Given information:
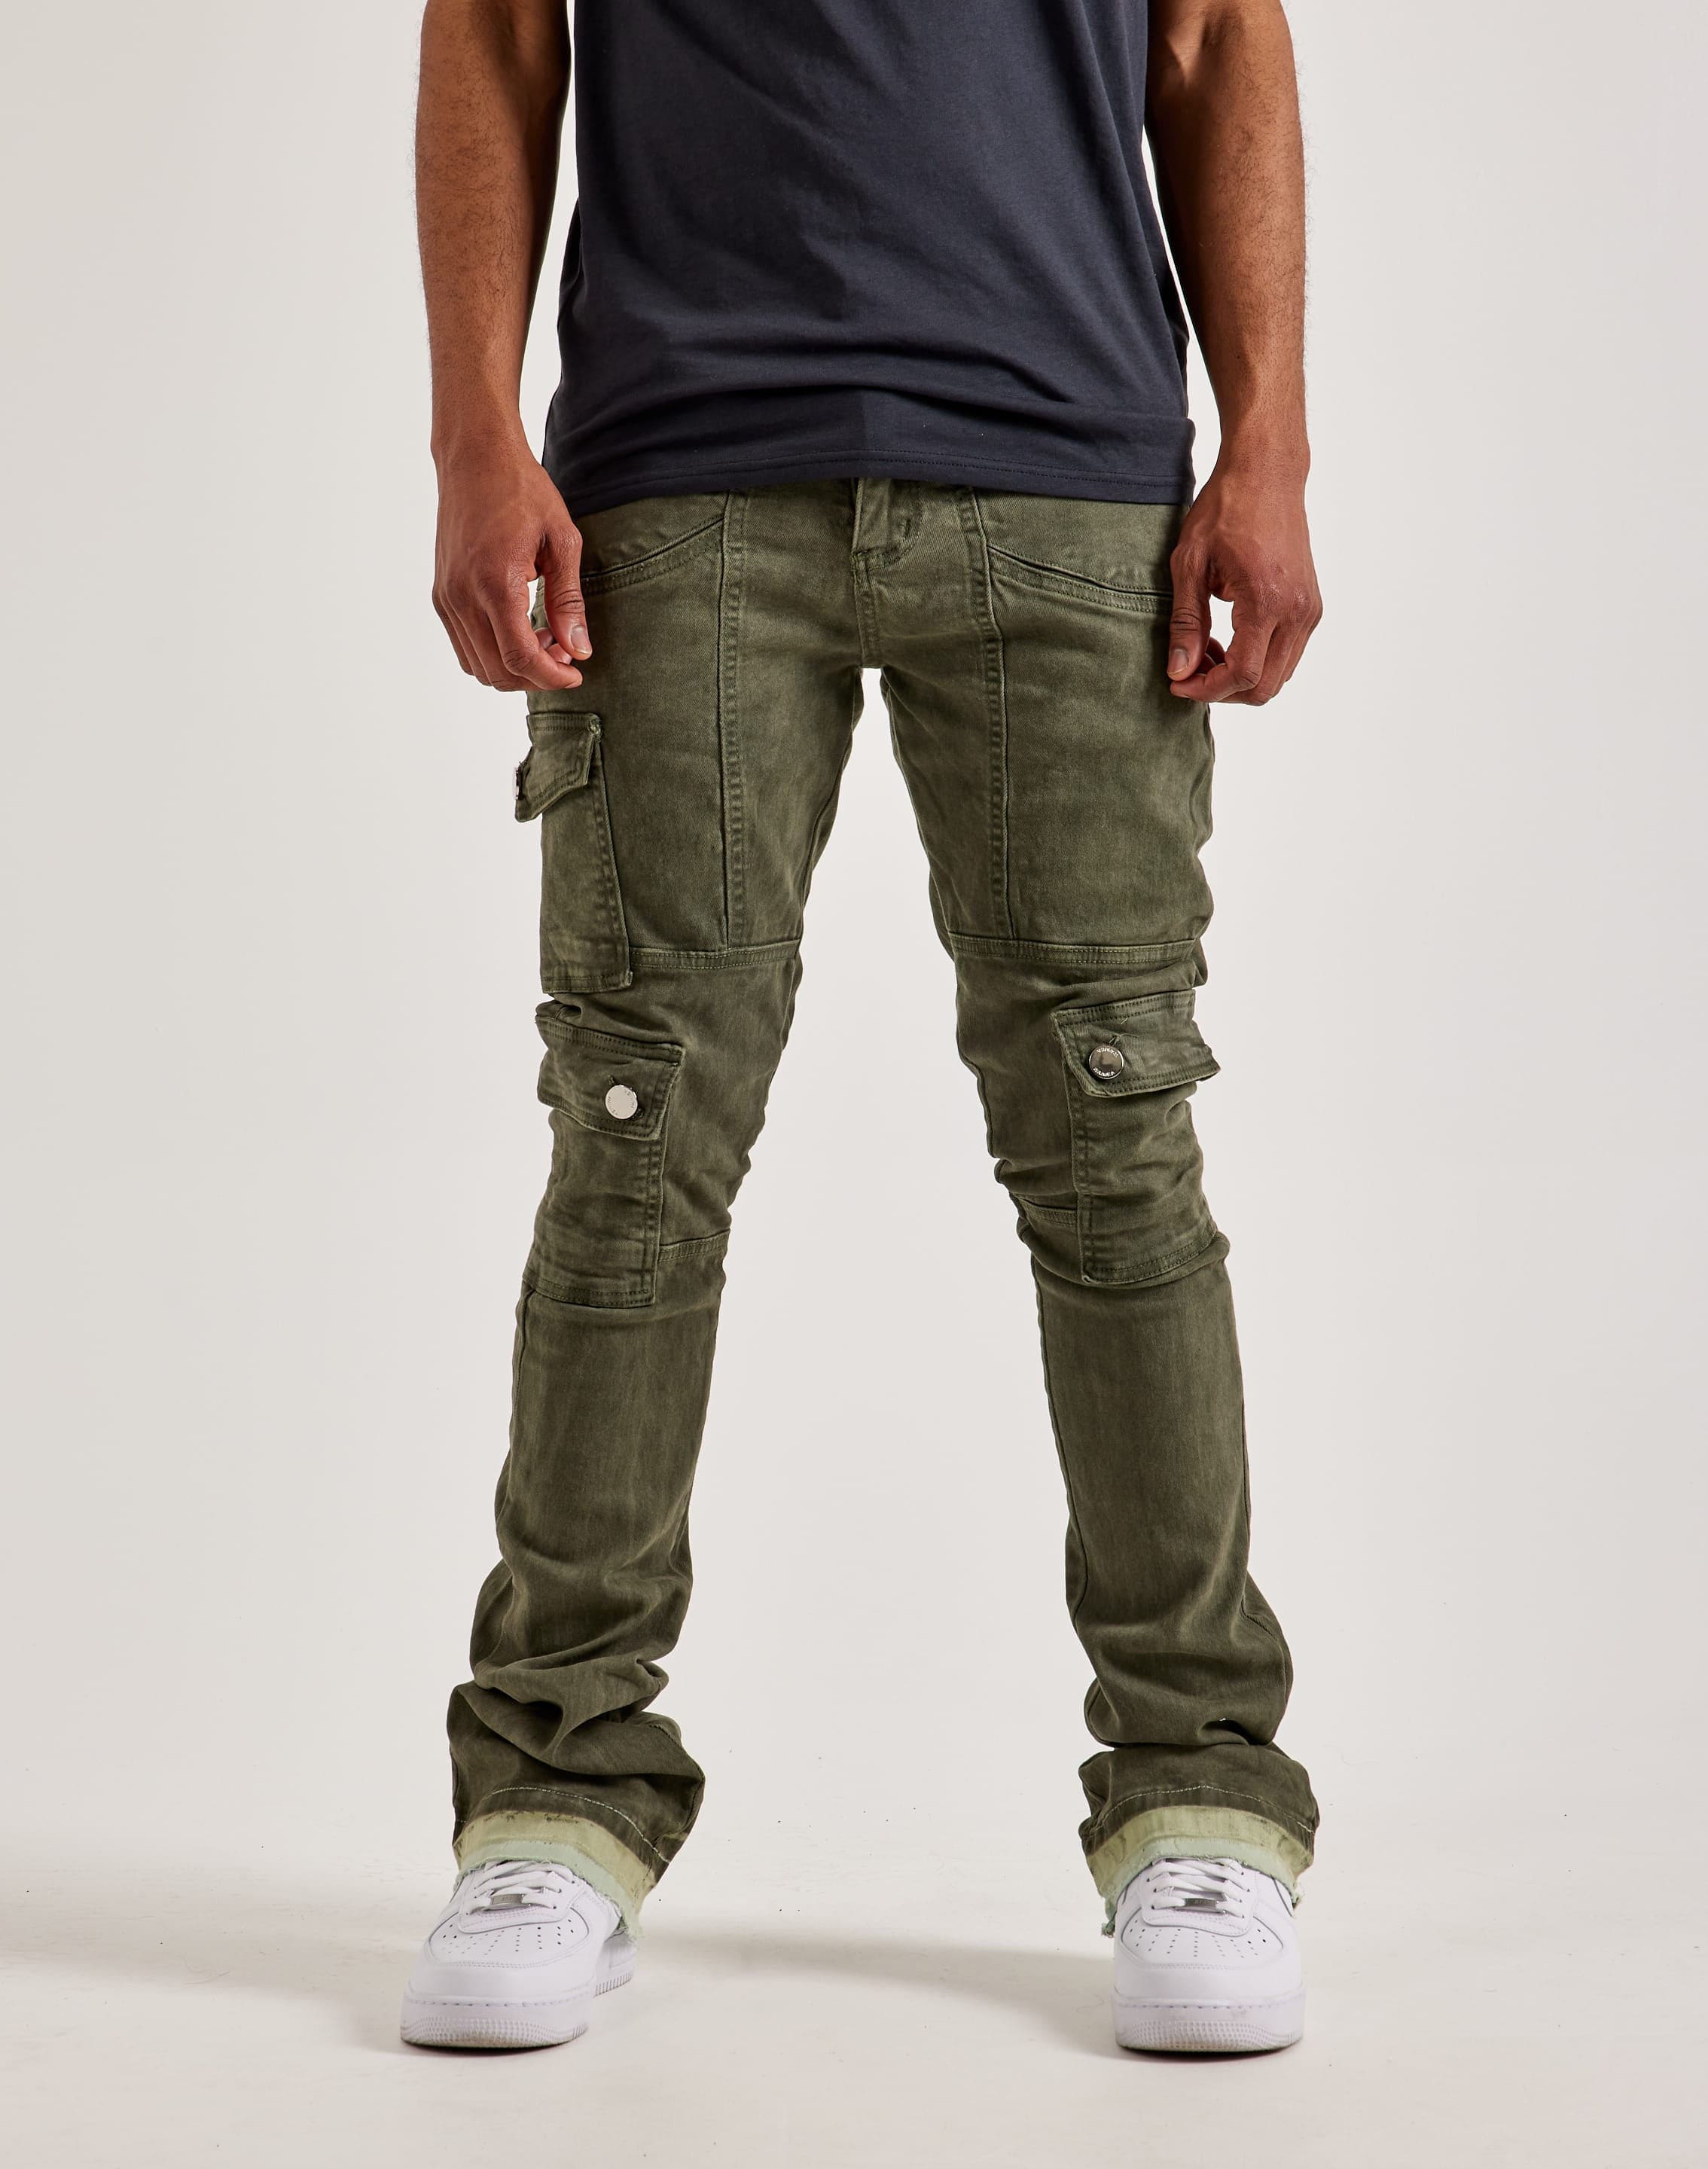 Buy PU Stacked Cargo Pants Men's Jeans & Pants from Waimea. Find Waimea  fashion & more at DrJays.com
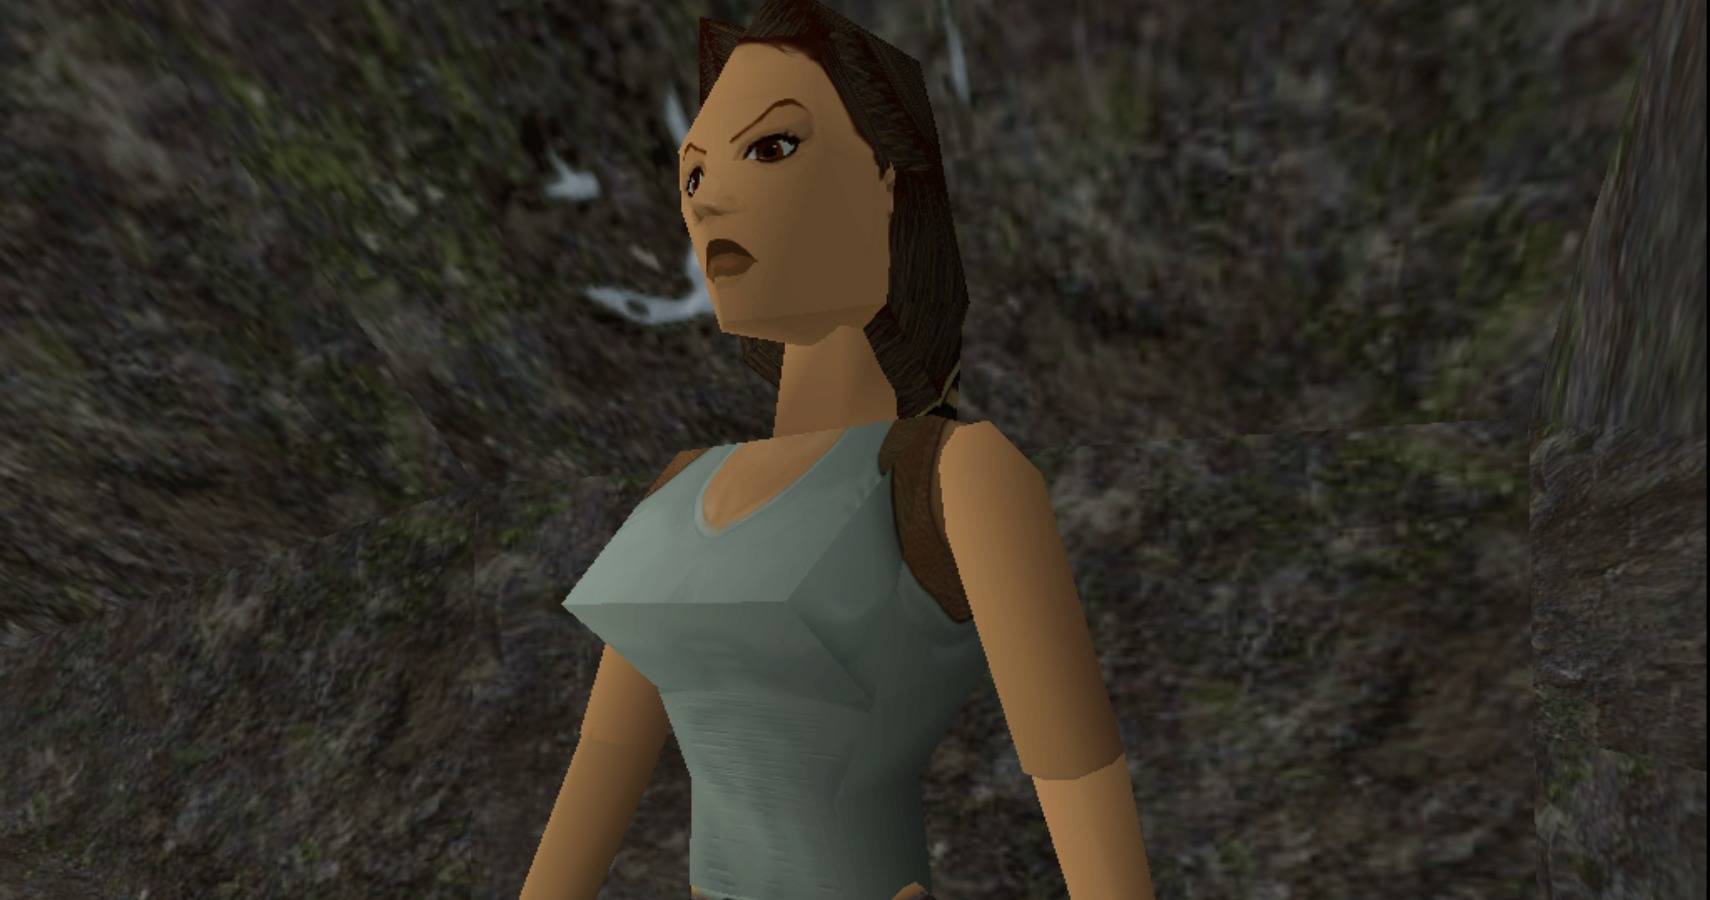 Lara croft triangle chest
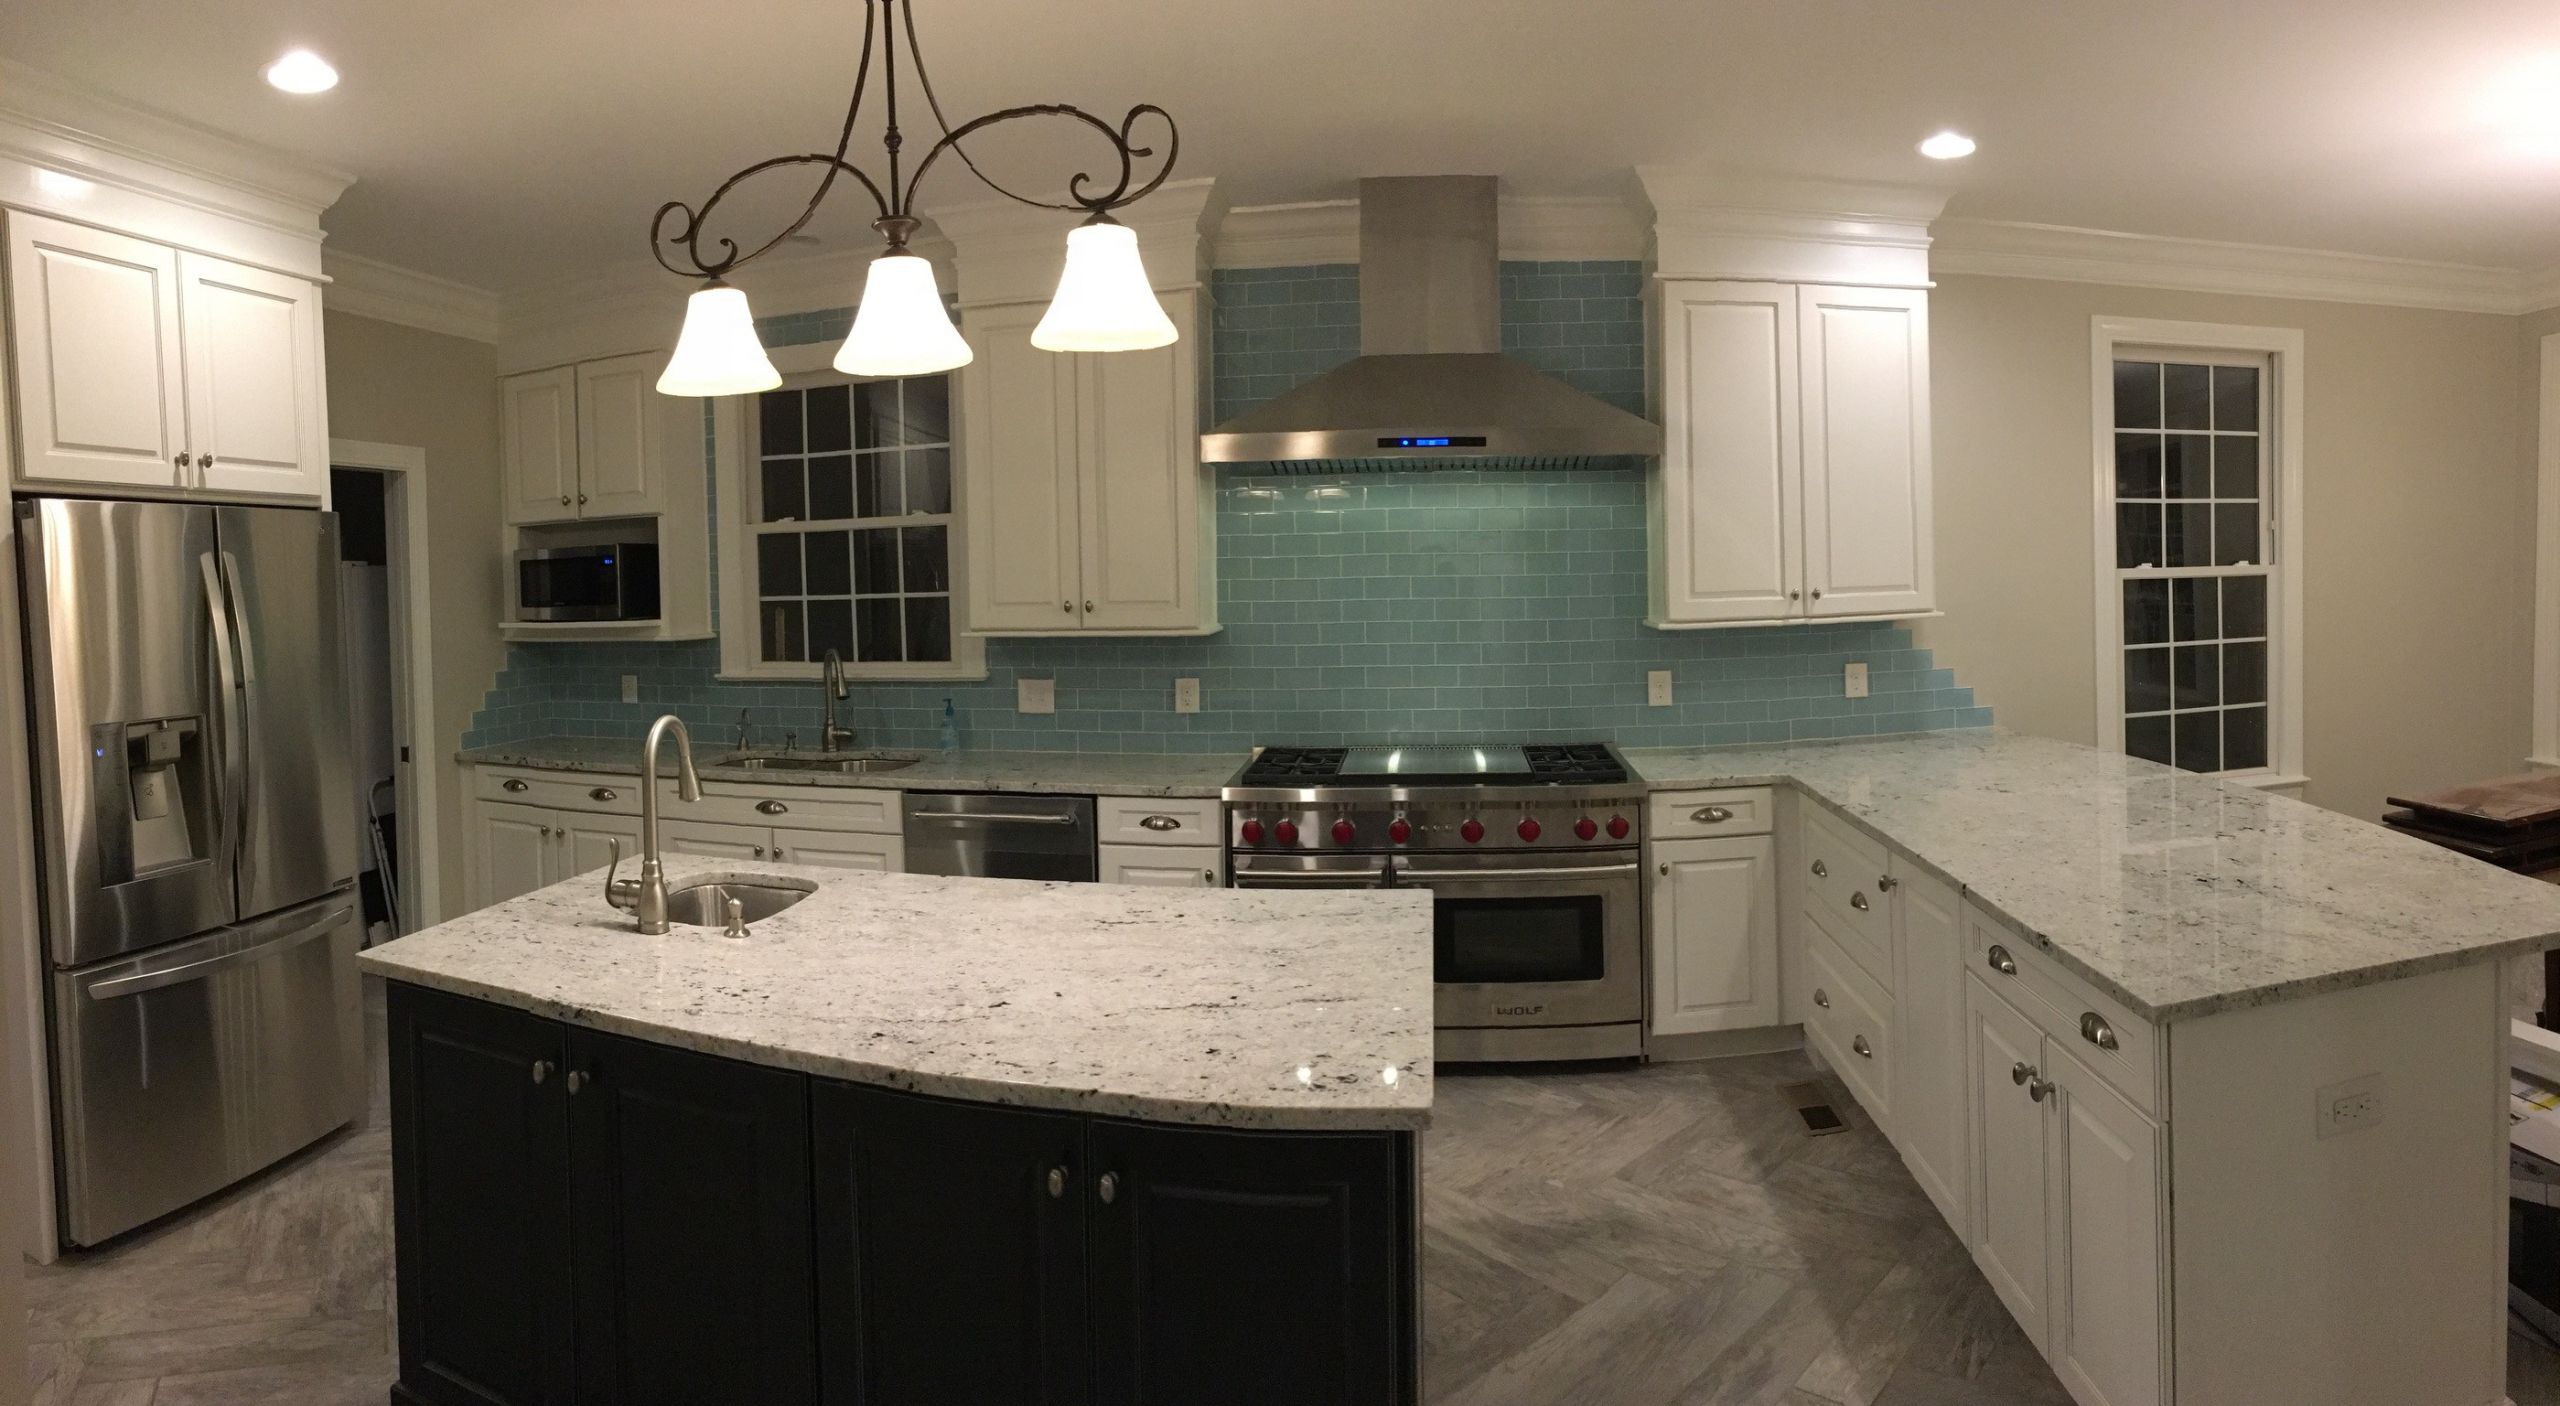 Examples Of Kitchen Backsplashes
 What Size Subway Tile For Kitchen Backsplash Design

Required action: Reproduce the full listing faithfully, but do not carry over any pictures.

Solution to this problem:
 Buy PU Stacked Cargo Pants Men's Jeans & Pants from Waimea. Find Waimea  fashion & more at DrJays.com
 Lara croft triangle chest
 Examples Of Kitchen Backsplashes
 What Size Subway Tile For Kitchen Backsplash Design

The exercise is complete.